== The data ==
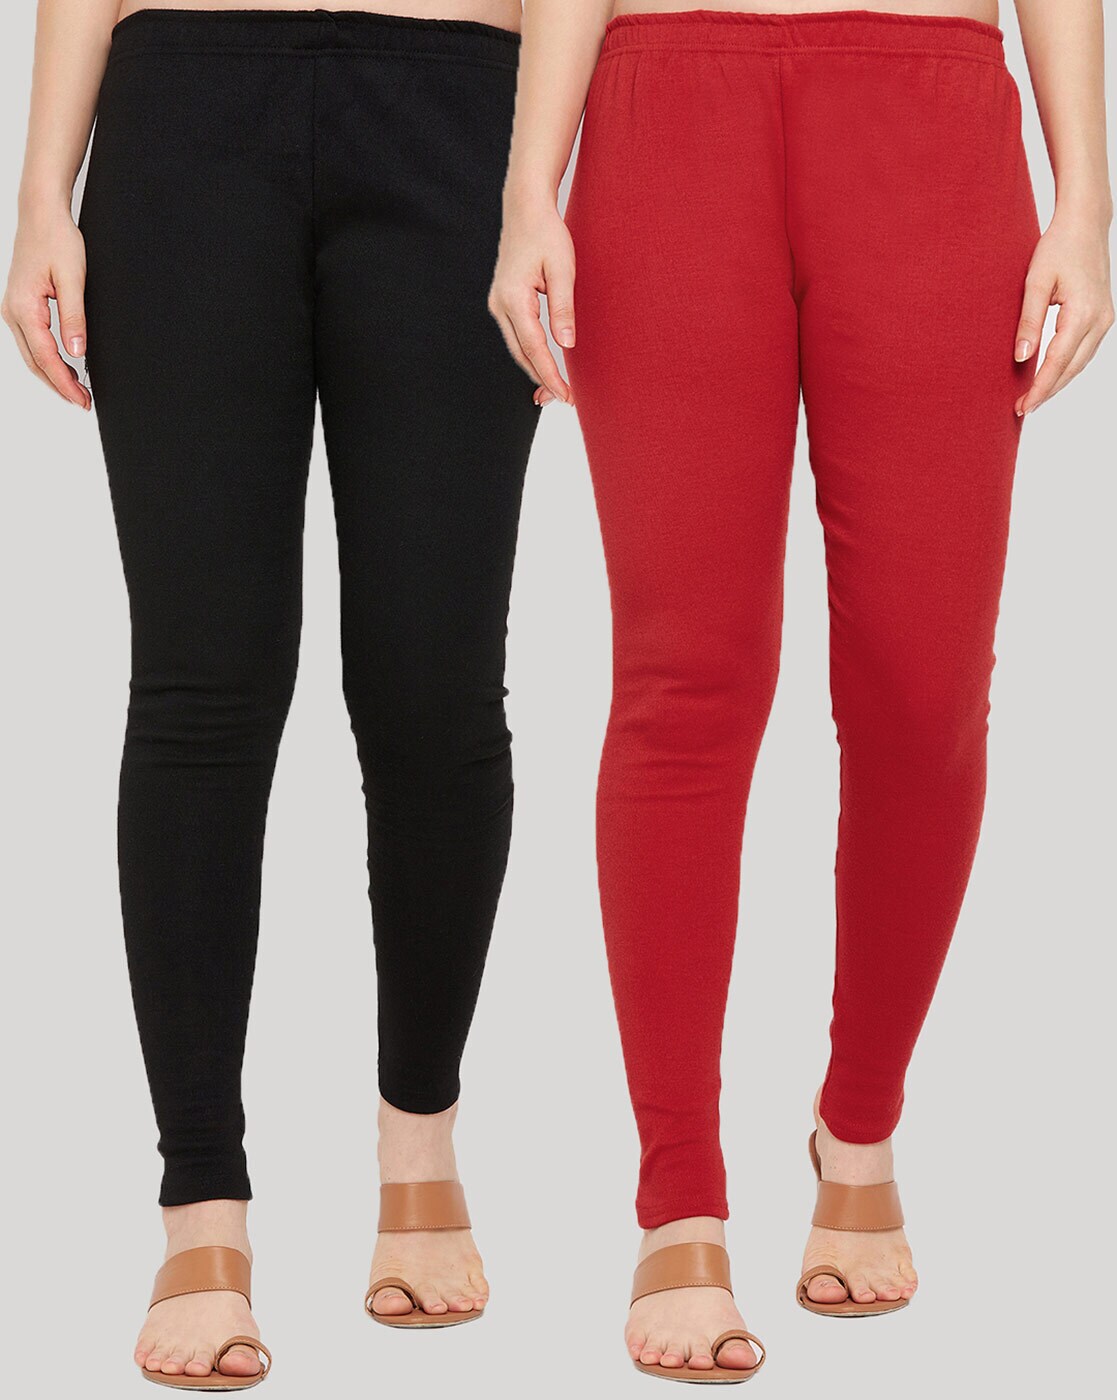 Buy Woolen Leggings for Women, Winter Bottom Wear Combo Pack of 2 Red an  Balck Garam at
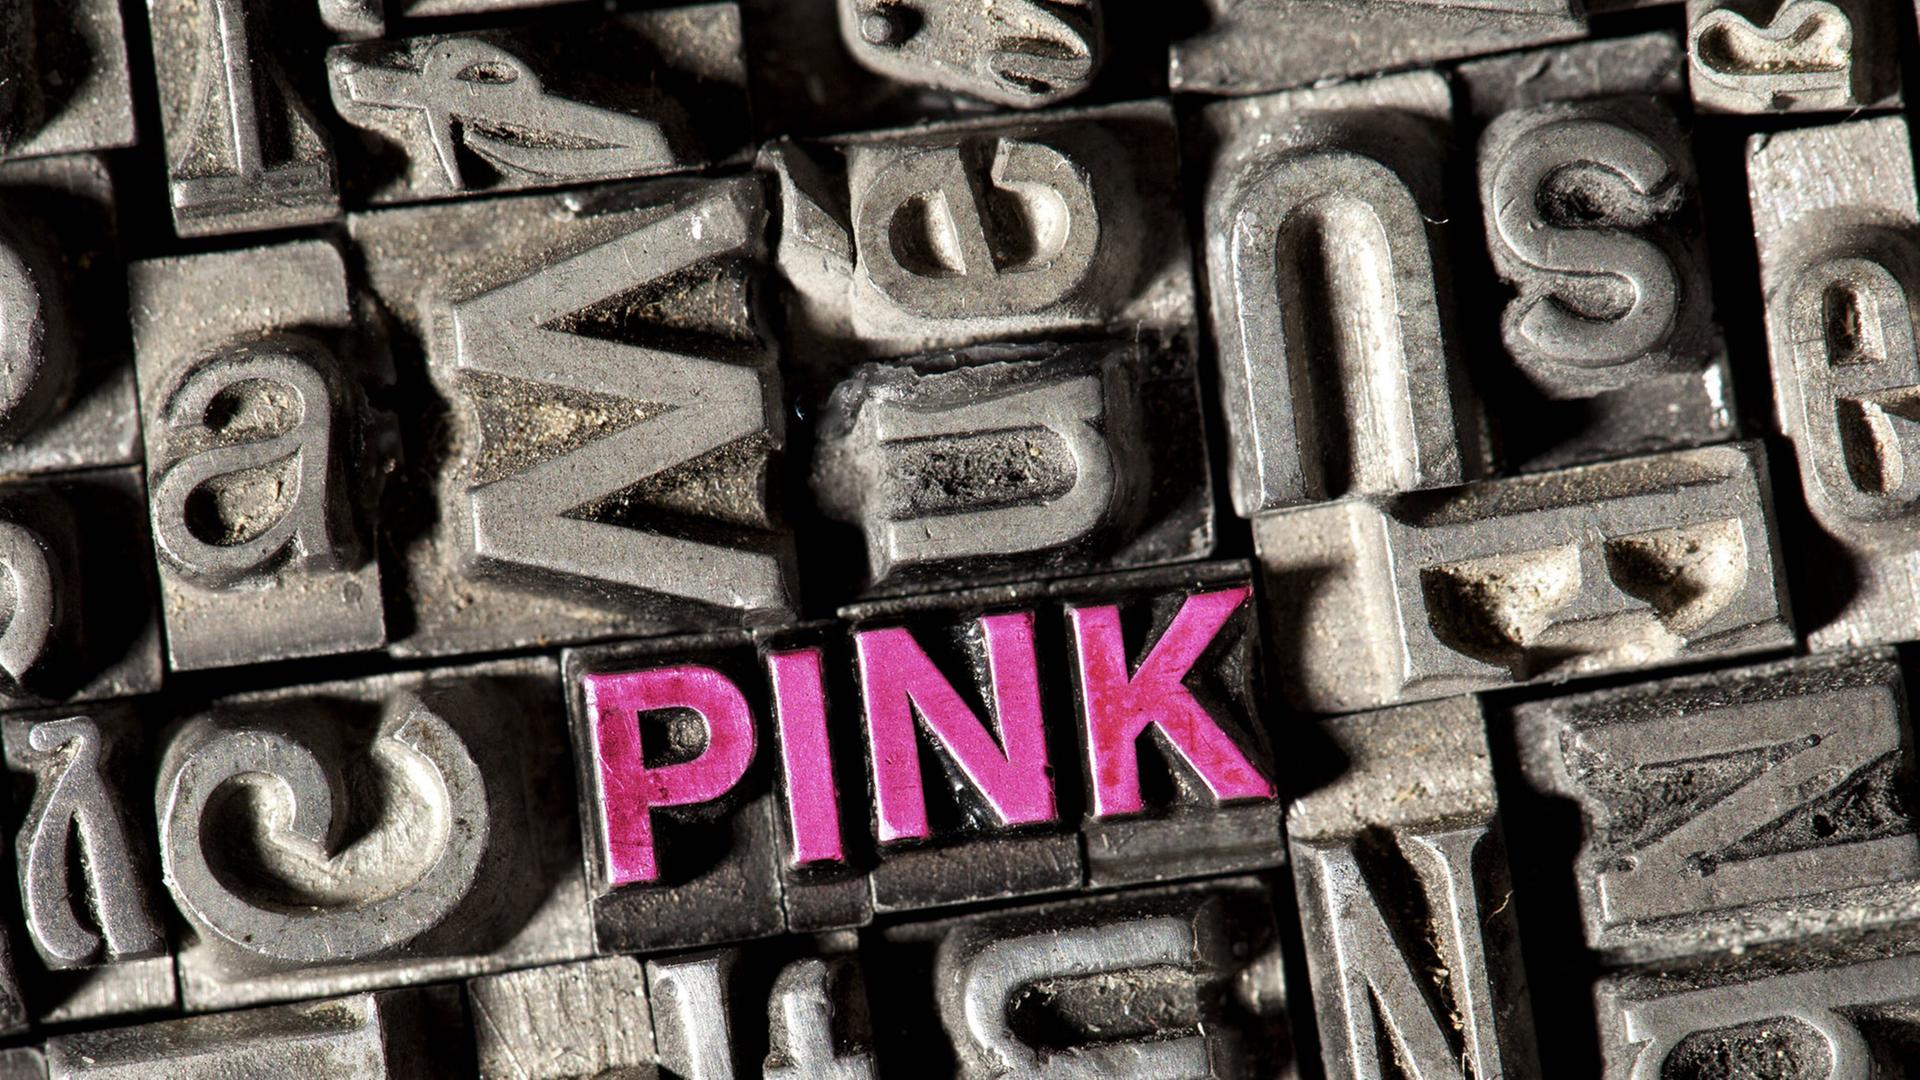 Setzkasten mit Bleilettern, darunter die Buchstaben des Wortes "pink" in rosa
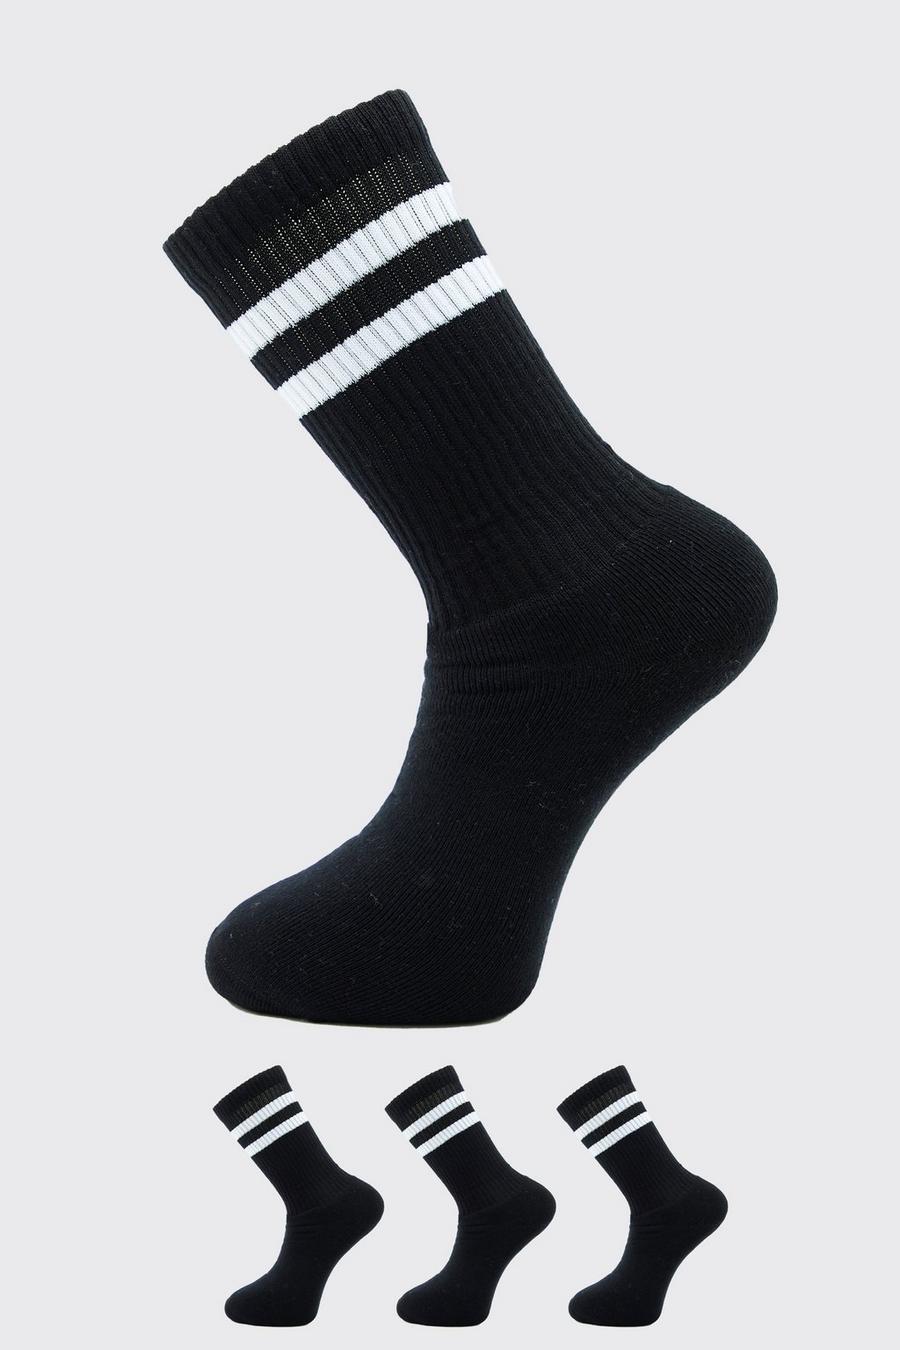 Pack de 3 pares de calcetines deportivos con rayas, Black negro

== Work request ==
Copy out the whole listing word for word, except for any picture it includes.

== Finished exercise ==
 Buy Woolen Leggings for Women, Winter Bottom Wear Combo Pack of 2 Red an  Balck Garam at
 Setzkasten mit Bleilettern, darunter die Buchstaben des Wortes "pink" in rosa
 Pack de 3 pares de calcetines deportivos con rayas, Black negro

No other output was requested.